Partial payments across multiple invoices are common; they deserve one structured action, not three separate notes. That pattern — one payment, several open obligations — is why allocation belongs in the collection flow, not in a side spreadsheet after the fact.
A dealer owes on two invoices from April and one from May. On Wednesday's visit the salesperson records ₹25,000 UPI against the April invoices (Partially Collected on the first, Collected pending verification on the second) and logs a dispute remark on a freight charge on the May invoice (Disputed). Accounts verifies Thursday (Verified on the settled portions). The branch manager sees aging improve in the dashboard without calling the salesperson. Friday's visit starts with the updated outstanding — not a surprise argument at the counter.
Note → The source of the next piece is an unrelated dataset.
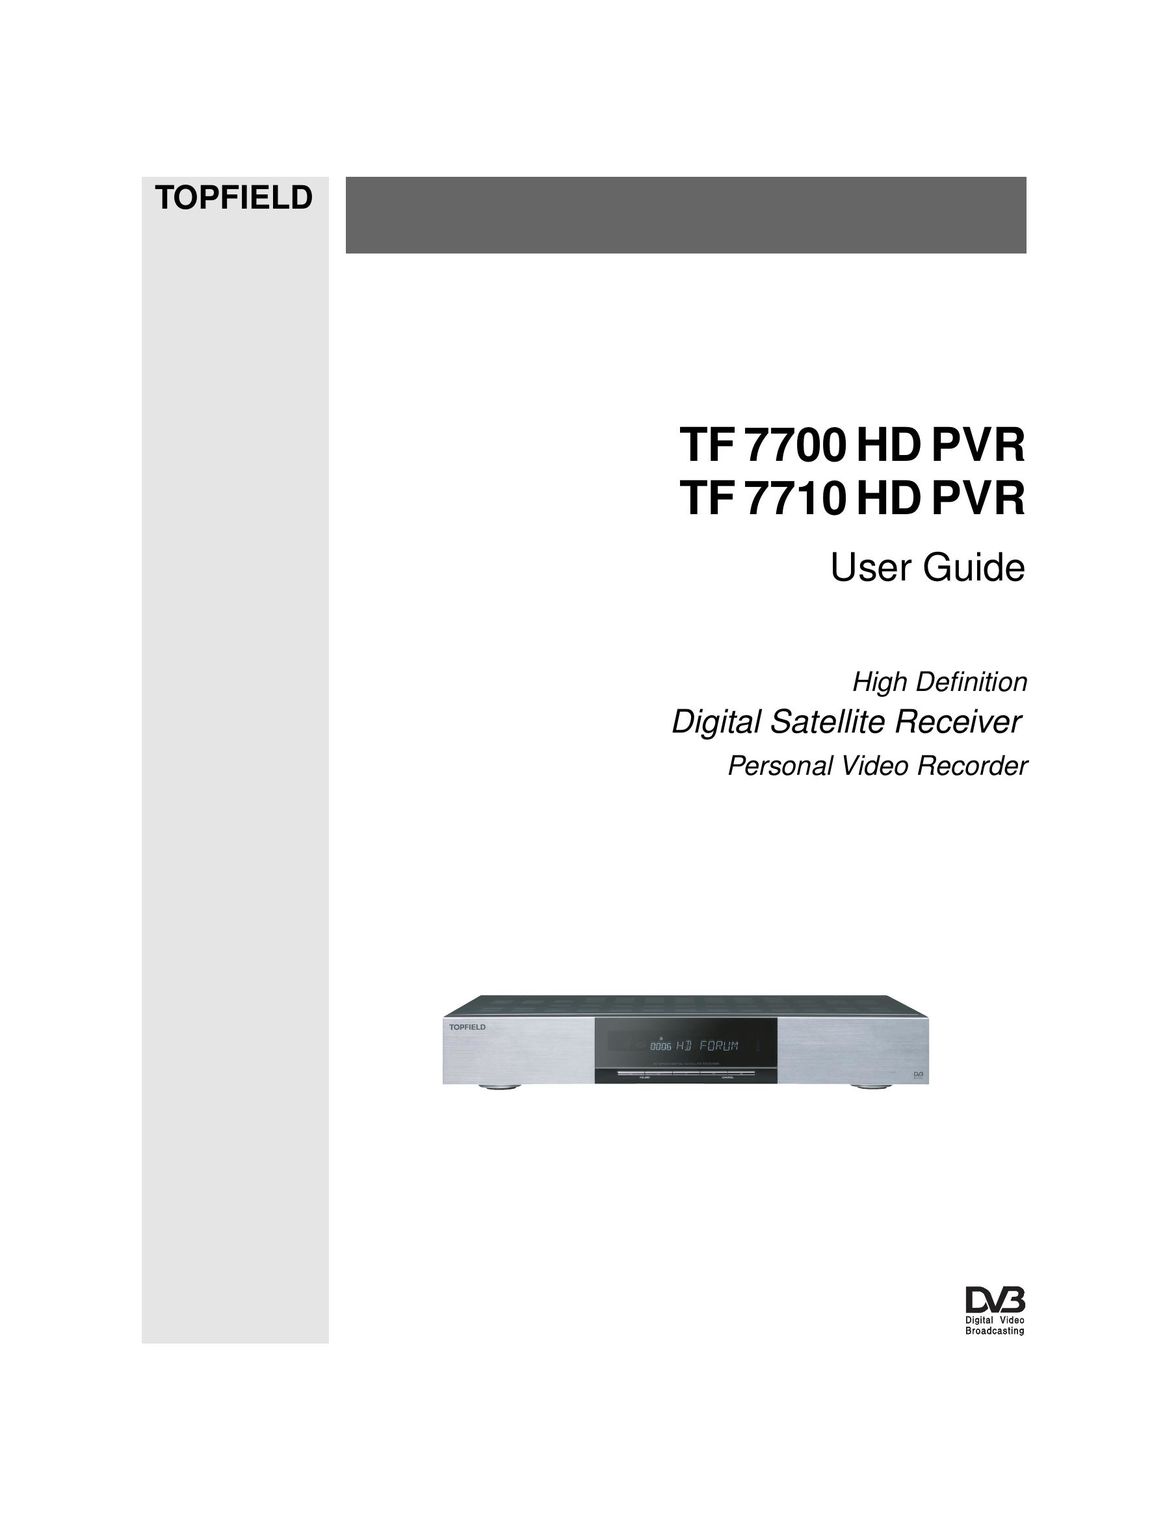 Topfield High Definition Digital Satellite Receiver Personal Video Recorder TV Receiver User Manual

Surface risk before it becomes write-off
Stages enable reporting that a single "outstanding" column cannot. Leadership should see:
- Accounts stuck in Open too long with no field touch.
- High Partially Collected balances — money in motion but not closed.
- Disputed amounts aging without owner.
- Written Off trends by branch — a signal of policy, credit, or execution problems.
Those views turn collection from reactive firefighting into weekly operations — the same rhythm as reviewing stuck orders or missed visits.
Habits that make the lifecycle stick
Software supplies the rails; teams supply the train. Distributors that get value from staged collections typically:
- Capture at the visit — if it happened at the dealer, it is on the visit record the same day.
- Verify on a schedule — accounts clears Collected → Verified in a predictable window.
- Name disputes early — Disputed is better than silent disagreement.
- Document before write-off — Written Off requires visible prior stages, not a shortcut.
- Review aging in ops meetings — same room as route compliance and order blocks.
Without capture discipline, stages become theatre. With it, cashflow forecasting stops being a guess based on ERP alone.
Evaluate tools on workflow, not widgets
When you compare platforms, ask:
- Does every collection have a stage, owner, and history?
- Can partial payments and multi-invoice allocation happen in one action?
- Is verification a explicit step with audit, not an afterthought?
- Does outstanding appear at visit start alongside order context?
If collections are "a feature" with one paid/unpaid flag, you will keep running recovery on phone calls — and your best salespeople will keep the real ledger in their heads.
Outstanding is not one number on a statement. It is a sequence of decisions from due to verified — or disputed, or written off with eyes open. Treating collections as that workflow is how distributors align field reality with finance truth without micromanaging every rupee on the phone.
The seven stages are deliberately visible to both field and finance so neither side can claim surprise. Salespeople see why an amount is still Open; accounts see why verification waited on proof; leadership sees when Disputed balances are aging without resolution. That shared line of sight is what turns collection from a private negotiation into an operation the whole business can run — the same way you already expect visibility on visits and orders.
Common questions
What is collection management for dealers?
Tracking outstanding, recording payments, and running staged recovery workflows with proof on the dealer record.
Can one payment cover multiple invoices?
Yes — partial and multi-invoice allocation should be supported without a separate spreadsheet.
Why use stages instead of phone calls?
Stages scale across branches and leave an audit trail finance can trust.